Ее голос был тот же, поразительно тот же, очаровавший меня сорок лет тому назад. Притягивающий приветливостью, кристальное произношение, явный средне-атлантический акцент ее детства. Голос был тот же, но Гвин была уже не той же, и в продолжение разговора я начал проецировать в своей голове различные изображения ее, прикидывая — к лучшему или к худшему время изменило ее лицо. Ей было шестьдесят один год, и, внезапно, я понял, что у меня нет никакого желания вновь увидеться с ней. Я был бы только разочарован, и я не хотел уничтожить мои волнительные впечатления прошлого видом настоящего.
Мы обменялись обычными банальностями, поговорили несколько минут об Адаме и его смерти, о том, как тяжело было для нее принять случившееся, о жестоких ударах судьбы, заготовленных жизнью для нас. Затем мы поделились своим прошлым, рассказывая о наших семьях, наших детях и наших работах — комфортабельная болтовня, очень дружеская с обоих сторон, настолько, что я даже спросил ее, если она помнит тот день в Риверсайд Парке, когда я попытался поцеловать ее. Конечно, помню, сказала она, рассмеясь впервые за время нашего разговора, но как она могла знать, что тот хиляк Джим-студент вырастет в Джеймса Фримена? Я все еще студент, сказал я. И я все еще Джим. Уже не такой хилый, но все еще Джим.
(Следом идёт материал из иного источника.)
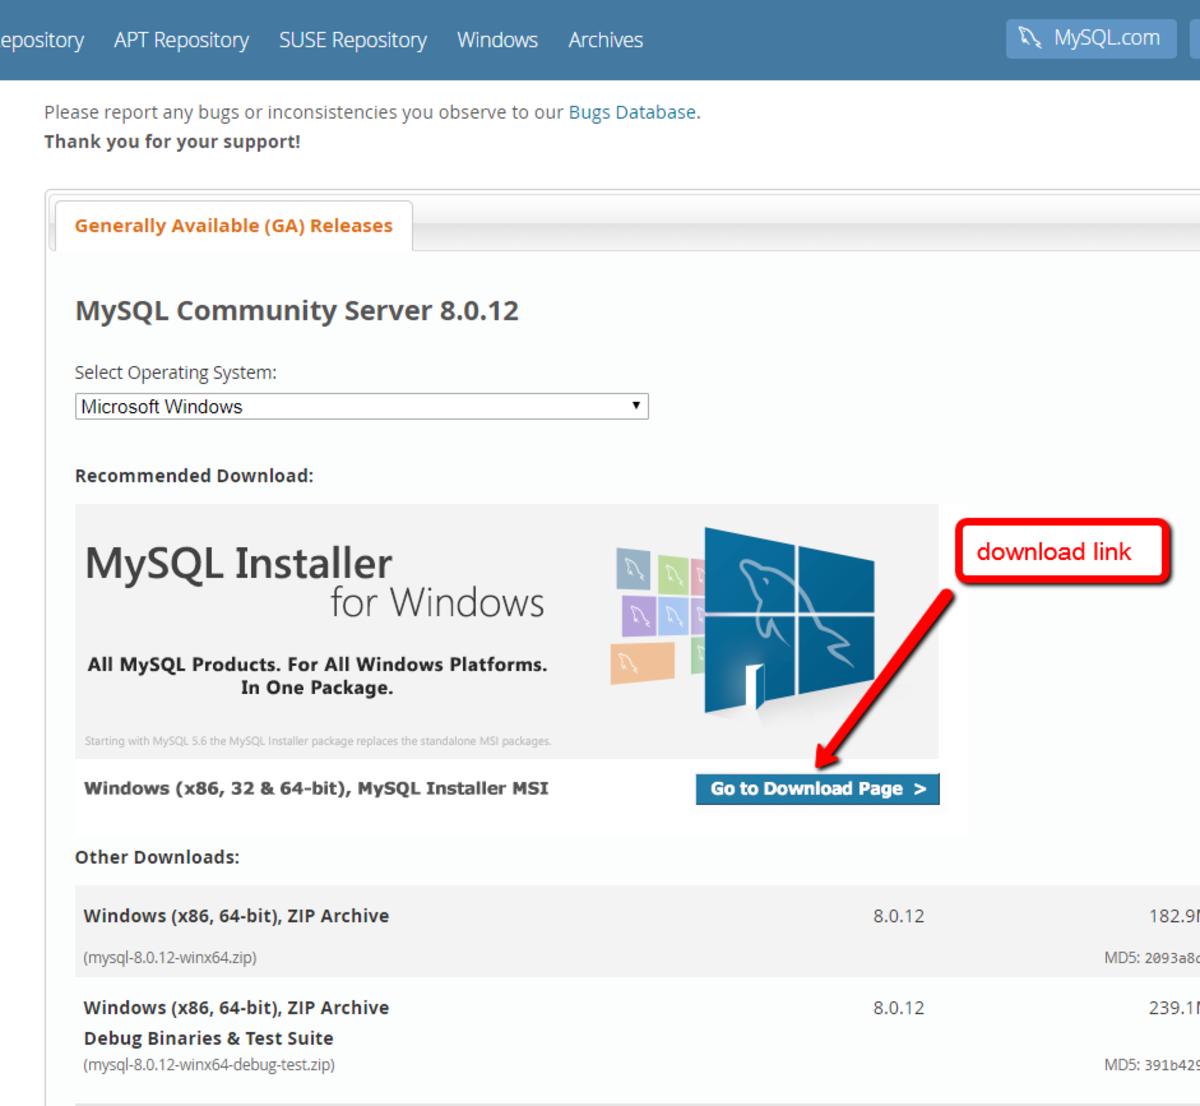 Find the download link for the community server installer.

Да, разговор был очень любезный, и, несмотря на то, что мы исчезли из вида друга друга на несколько десятков лет, Гвин говорила, будто ничего или почти ничего не прошло с последней нашей встречи, будто все десятилетия уложились в какие-то месяц или два. Ее дружеский тон усыпил меня, и пока моя оборона сладко спала, когда она подошла к тому месту в разговоре о деле, когда она наконец объяснила, зачем она позвонила мне, я совершил ужасную ошибку. Я сказал ей правду, я должен был соврать.
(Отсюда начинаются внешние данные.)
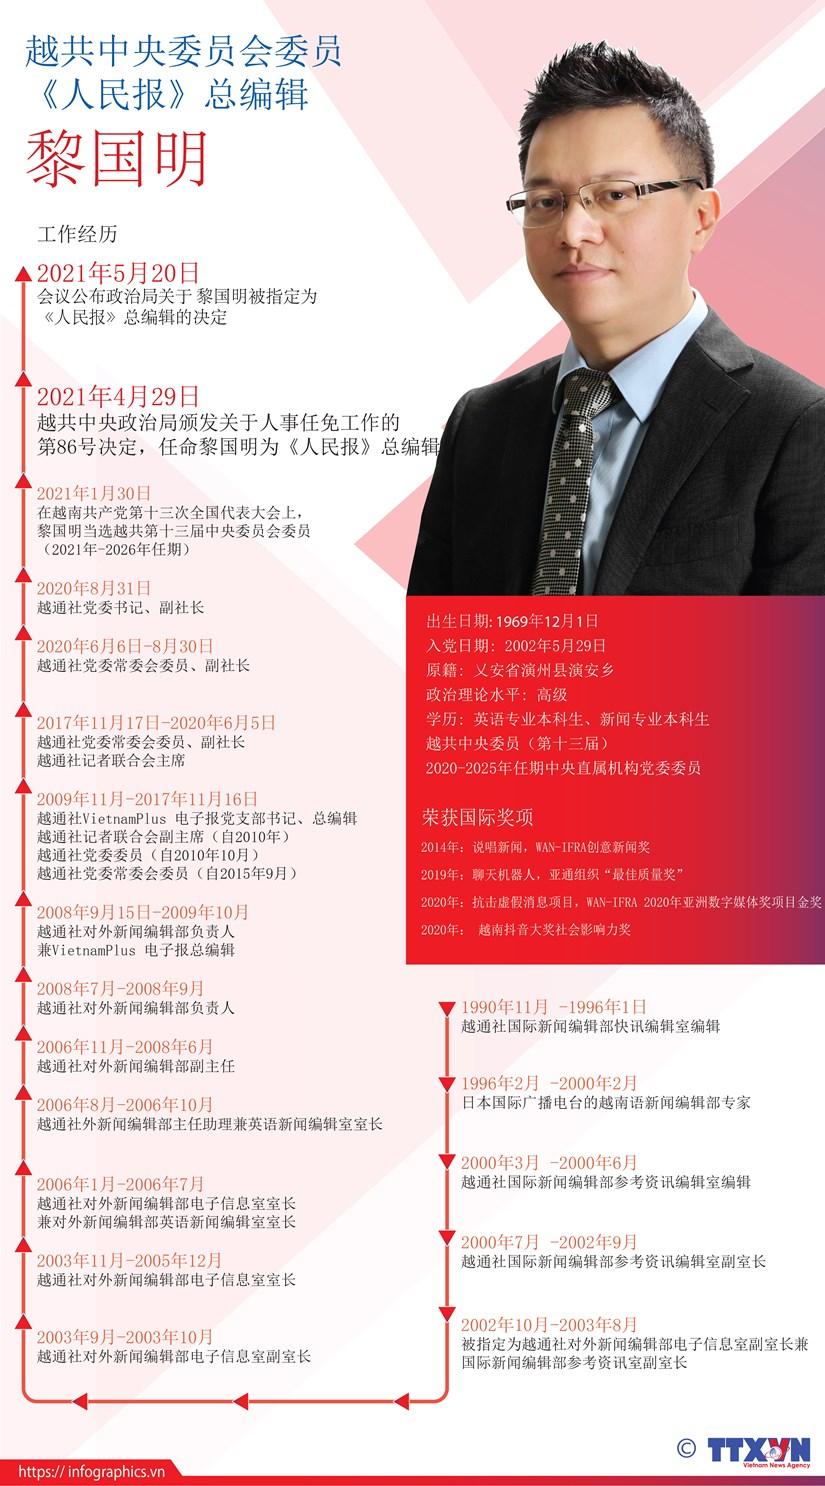 图表新闻:政治局任命越共中央委员会委员、越通社副社长黎国明为 《人民报》总编辑 hinh anh 1

Адам послал мне электронное письмо, сказала она, длинное письмо, написанное за несколько дней до… за несколько дней до конца. Это было прекрасное письмо, прощальное письмо, сейчас я понимаю это, и в одной из частей, в конце, он упомянул, что пишет что-то, что-то вроде книги, и, если бы я захотела прочесть это, я должна была бы связаться с тобой. Но только после его смерти. Он очень настаивал на этом. Только после смерти. Он также предупредил меня, что я могу быть очень огорчена рукописью. Он извинился за будущее, прося прощение, если книга как-нибудь обидит меня, а затем он сказал нет, не беспокойся, забудь обо всем. Он выражался очень путанно. В следующем предложении он вновь написал мне, что если я захочу, то у меня будет право увидеть это, и если я действительно захочу, я должна найти тебя, поскольку копия была только у тебя. Я никак не поняла эту часть. Если он напечатал рукопись на компьютере, почему он не записал ее в память?
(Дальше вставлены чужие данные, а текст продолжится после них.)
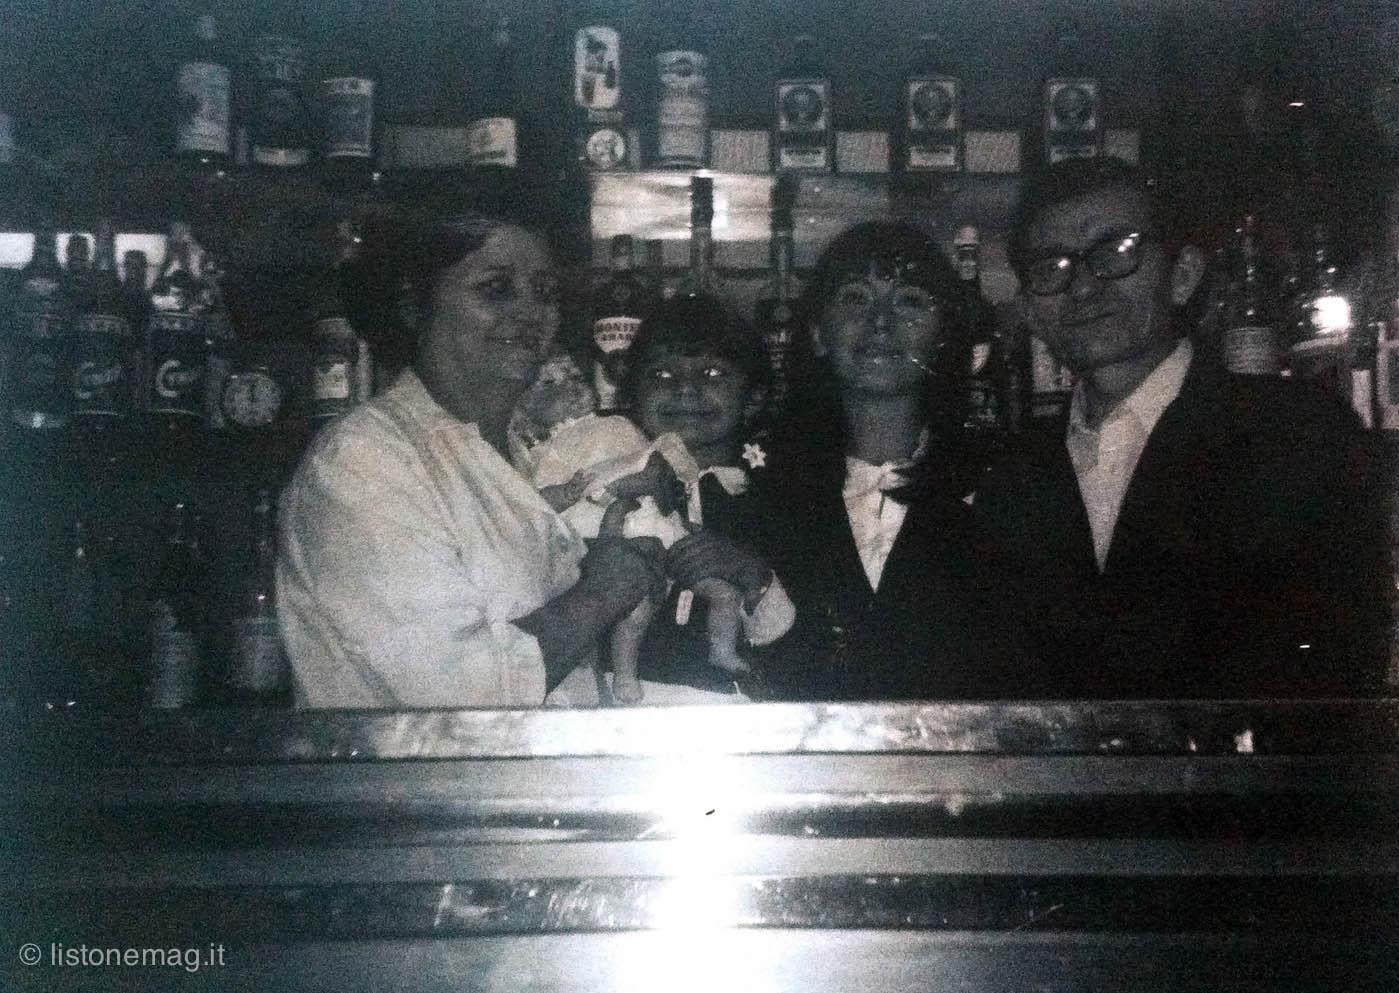 Noemi, Maria Cristina, Afra, Wilman, in una polaroid del 1940 nella trattoria di Via Ragno

Он сказал Ребекке стереть, объяснил я. В компьютере уже ничего нет, и только одна копия, напечатанная им, была послана мне.
Значит, книга существует…
В каком-то виде. Он даже хотел написать три части. Первые две — в более-менее приличной форме, но он не смог закончить третью. Только заметки, наброски.
Он хотел, чтобы ты помог ему опубликовать?
Он никогда не говорил о публикации, не впрямую, в любом случае. Все, что он хотел, чтобы я прочитал рукопись, а потом решил, что делать с этим дальше.
Ты решил?
Нет. Сказать правду, я даже и не думал еще об этом. До тех пор, пока ты не упомянула о публикации, идея даже не приходила в мою голову.
Я думаю, я должна посмотреть, да?
Не уверен. Тебе решать, Гвин. Если хочешь прочитать, я сделаю копию и пошлю экспресс-почтой сегодня.
Я огорчусь?
Возможно.
Возможно?
Не из-за всего, но из-за пары вещей, да.
Пара вещей. Вот как.
Не волнуйся. В настоящее время я передаю ответственность в твои руки. Ни одного слова из книги Адама не будет напечатано без твоего согласия.
Посылай, Джим. Пошли сегодня. Я уже не маленькая и знаю, как проглотить пилюлю.
Как было бы проще, если бы я не подтвердил существование книги или сказал бы ей, что каким-то образом потерял ее, или что Адам обещал послать мне, но так никогда и не сделал этого. Я был пойман врасплох и не смог быстро придумать правдоподобное вранье. Хуже того, я сказал Гвин о трех частях книги. Только вторая могла потенциально причинить ей боль (и пару ремарк в третьей, легко было бы избавиться от них), и если бы я сказал, что Адам написал только две части, Веснаи Осень, она была бы избавлена от возвращения в прошлое, в квартиру на Уэст 107-ой Стрит и вновь прожить события того лета. Но сейчас она ожидала три части, и, если бы я послал ей только две, она бы тут же позвонила мне и спросила бы о недостающих страницах. В общем, я сделал копию всего — Весна, Летои заметки для Осени— и послал на ее адрес в Бостон во второй половине дня. Не самое лучшее, что я мог сделать для нее, но у меня не было выбора. Она хотела прочесть книгу брата, а единственная копия в мире была только у меня.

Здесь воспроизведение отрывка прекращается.